VNA HealthCare Group

I have the highest respect for them, especially for the nurses, aides and therapists, who devote their lives to caring for people with disabilities, the infirm and dying Americans.  There are few more noble professions.

President Barack Obama

Home health care agencies do such a wonderful job in this country helping people to be able to remain at home and allowing them to receive services

U.S. Senator Debbie Stabenow (D-MI) Chair, Democratic Steering and Outreach Committee

Home care is a combination of compassion and efficiency.  It is less expensive than institutional care...but at the same time it is a more caring, human, intimate experience, and therefore it has a greater human’s a big mistake not to try to maximize it and find ways to give people the home care option over either nursing homes, hospitals or other institutions

Former Speaker of the U.S. House of Representatives Newt Gingrich (R-GA)

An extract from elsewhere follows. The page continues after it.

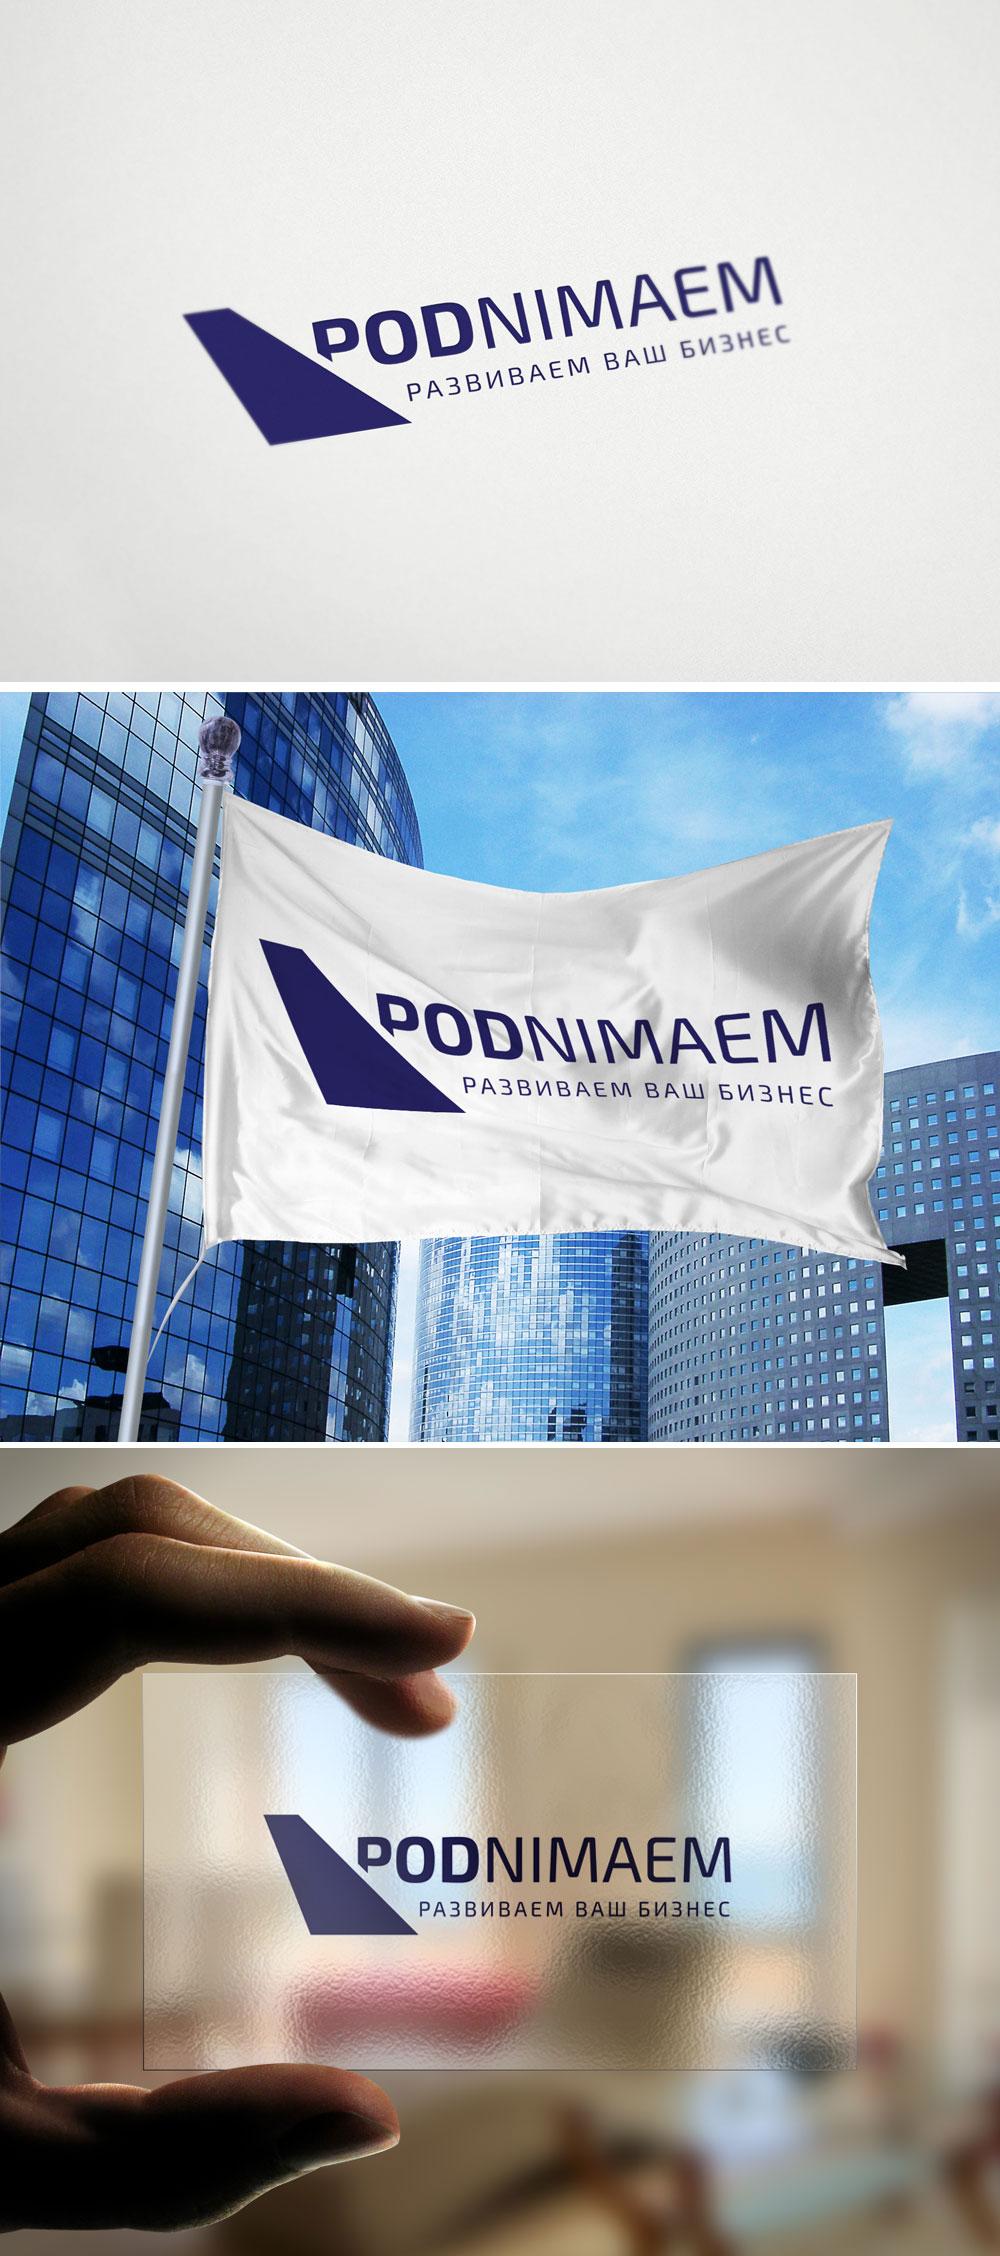 Разработать логотип + визитку + логотип для печати ООО +++ фото f_659554c8b11e7bf0.jpg
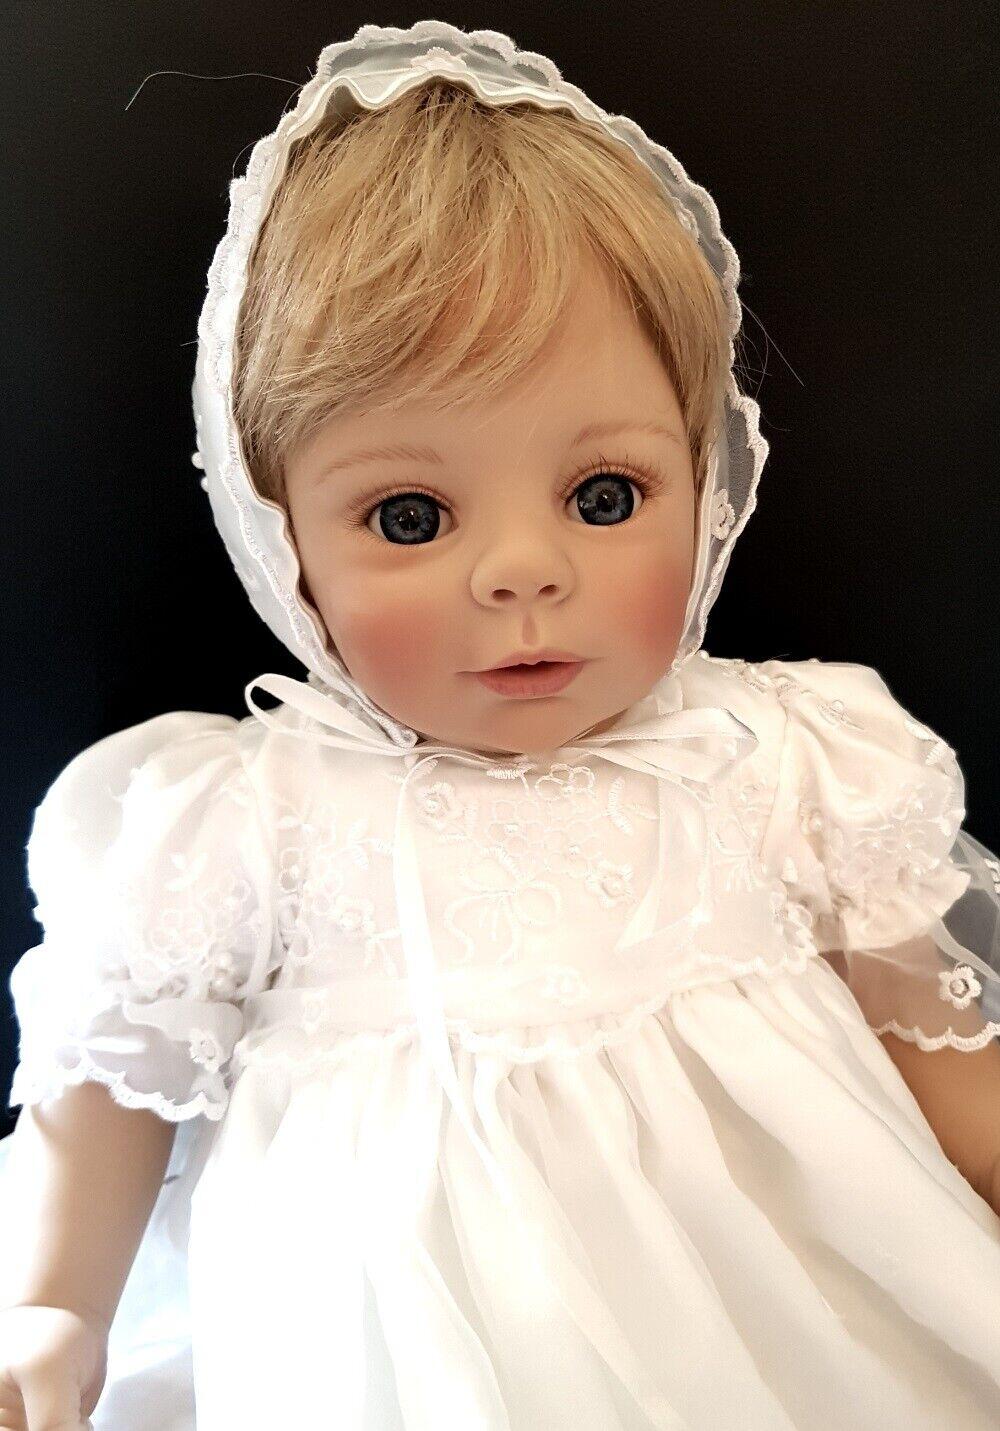 Artistas muñeca Marie de Laura tuzio-Ross en taufkleid, 56 cm, como nuevo

Medicaid covers long-term care, but only for low-income families.  And Medicare only pays for care that is connected to a hospital discharge....our health care system must cover these vital services...[and] we should promote home-based care, which most people prefer, instead of the institutional care that we emphasize now.

Former U.S. Senator Majority Leader Tom Daschle (D-CD)

We need incentives to...keep people in home health care settings...It’s dramatically less expensive than long term care.

U.S. Senator John McCain (R-AZ)


Home care is clearly the wave of the future. It’s clearly where patients want to be cared for. I come from an ethnic family and when a member of our family is severely ill, we would never consider taking them to get institutional care. That’s true of many families for both cultural and financial reasons. If patients have a choice of where they want to be cared for, where it’s done the right way, they choose home.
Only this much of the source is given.